From 0a8a3aba89a343441ca581c10dd6b5f5e2f37cba Mon Sep 17 00:00:00 2001
From: Pierre Glaser <pierreglaser@msn.com>
Date: Mon, 1 Jul 2019 10:19:02 +0200
Subject: [PATCH] ENH add batching benchmarks

---
 benchmarks/bench_auto_batching.py | 149 ++++++++++++++++++++++++++++++
 benchmarks/common.py              |  31 +++++++
 2 files changed, 180 insertions(+)
 create mode 100644 benchmarks/bench_auto_batching.py

diff --git a/benchmarks/bench_auto_batching.py b/benchmarks/bench_auto_batching.py
new file mode 100644
index 0000000..cb68453
--- /dev/null
+++ b/benchmarks/bench_auto_batching.py
@@ -0,0 +1,149 @@
+#!/usr/bin/env python
+# -*- coding: utf-8 -*-
+#
+# Benchmark suite for joblib
+#
+# Author: Pierre Glaser
+"""Benchmarking the impact of joblib's task batching strategy"""
+import tempfile
+import time
+
+from joblib import Parallel, delayed
+import numpy as np
+
+from .common import Benchmark, sleep_noop
+
+
+def bench_short_tasks(
+    task_times,
+    input_data_size=0,
+    output_data_size=0,
+    memmap_input=False,
+    parallel_inst=None,
+):
+
+    with tempfile.NamedTemporaryFile() as temp_file:
+        if input_data_size:
+            # Generate some input data with the required size
+            if memmap_input:
+                temp_file.close()
+                input_data = np.memmap(
+                    temp_file.name,
+                    shape=input_data_size,
+                    dtype=np.byte,
+                    mode="w+",
+                )
+                input_data[:] = 1
+            else:
+                input_data = np.ones(input_data_size, dtype=np.byte)
+        else:
+            input_data = None
+
+        parallel_inst(
+            delayed(sleep_noop)(max(t, 0), input_data, output_data_size)

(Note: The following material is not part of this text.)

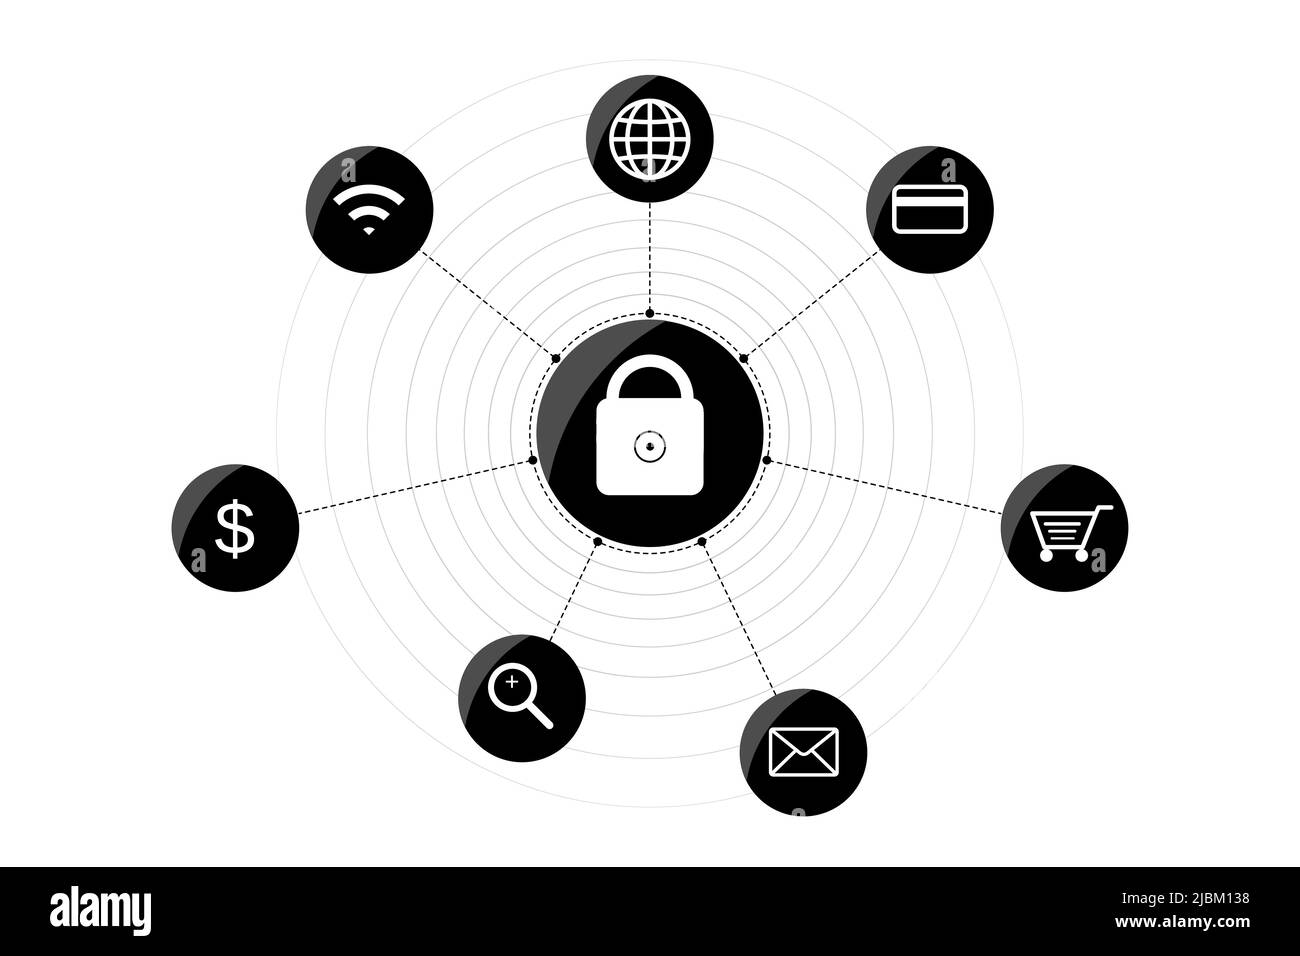 Datenschutzkonzept für Cybersicherheit. Symbole für Online-Daten, Verschlüsselung, Sicherheit virtueller Informationen, Passwort, Netzwerkschutz, Firewall, s Stock Vektor

+            for t in task_times
+        )
+
+
+class AutoBatchingSuite(Benchmark):
+    repeat = 1
+    number = 1
+    warmup_time = 0
+
+    # In practice, the input size does not influence the benchmarks very much:
+    # The input is a numpy array. Small numpy arrays are pickled very fast and
+    # do not incur significant overhead. Large numpy arrays can take time to be
+    # pickled, but end up being memmapped, which only incurs a one-time
+    # serialization cost, and thus will stop influence the batching after only
+    # a few batches. Therefore, we fix this parameter for now.
+    param_names = ["input_size", "n_jobs"]
+    params = ([10000, 100000, 1000000], [1, 2, 4])
+    parallel_parameters = dict(
+        verbose=10, backend="loky", pre_dispatch="2*n_jobs"
+    )
+    bench_parameters = dict(
+        output_data_size=int(1e5)  # output data size in bytes,
+    )
+
+    def setup(self, input_size, n_jobs):
+        # Each benchmark is determined by its parameter set and the
+        # duration profile of the tasks it has to execute. The following lines
+        # defines a variety of task duration profiles.
+        random_state = np.random.RandomState(42)
+        high_variance = np.abs(
+            random_state.normal(loc=0.000001, scale=0.01, size=5000)
+        )
+
+        low_variance = np.empty_like(high_variance)
+        low_variance[:] = np.mean(high_variance)
+
+        self.high_variance = high_variance
+        self.low_variance = low_variance
+
+        # Set up a cycling task duration pattern that the auto batching
+        # feature should be able to roughly track. We use an even power of cos
+        # to get only positive task durations with a majority close to zero
+        # (only data transfer overhead).
+        slow_time = 0.2
+        positive_wave = np.cos(np.linspace(0, 6 * np.pi, 2000)) ** 8
+        self.cyclic = positive_wave * slow_time
+
+        # Simulate a situation where a few long tasks have to be executed, and
+        # the first ones are cached. Because for the cached tasks, the apparent
+        # compute time will seem very small, joblib will increase a lot the
+        # batch size, which will potentially strangling workers.
+        self.partially_cached = [1e-3] * 200 + [1] * 50
+
+        self.parallel = Parallel(n_jobs=n_jobs, **self.parallel_parameters)
+
+        # warm up the executor to mask worker-process creation overhead.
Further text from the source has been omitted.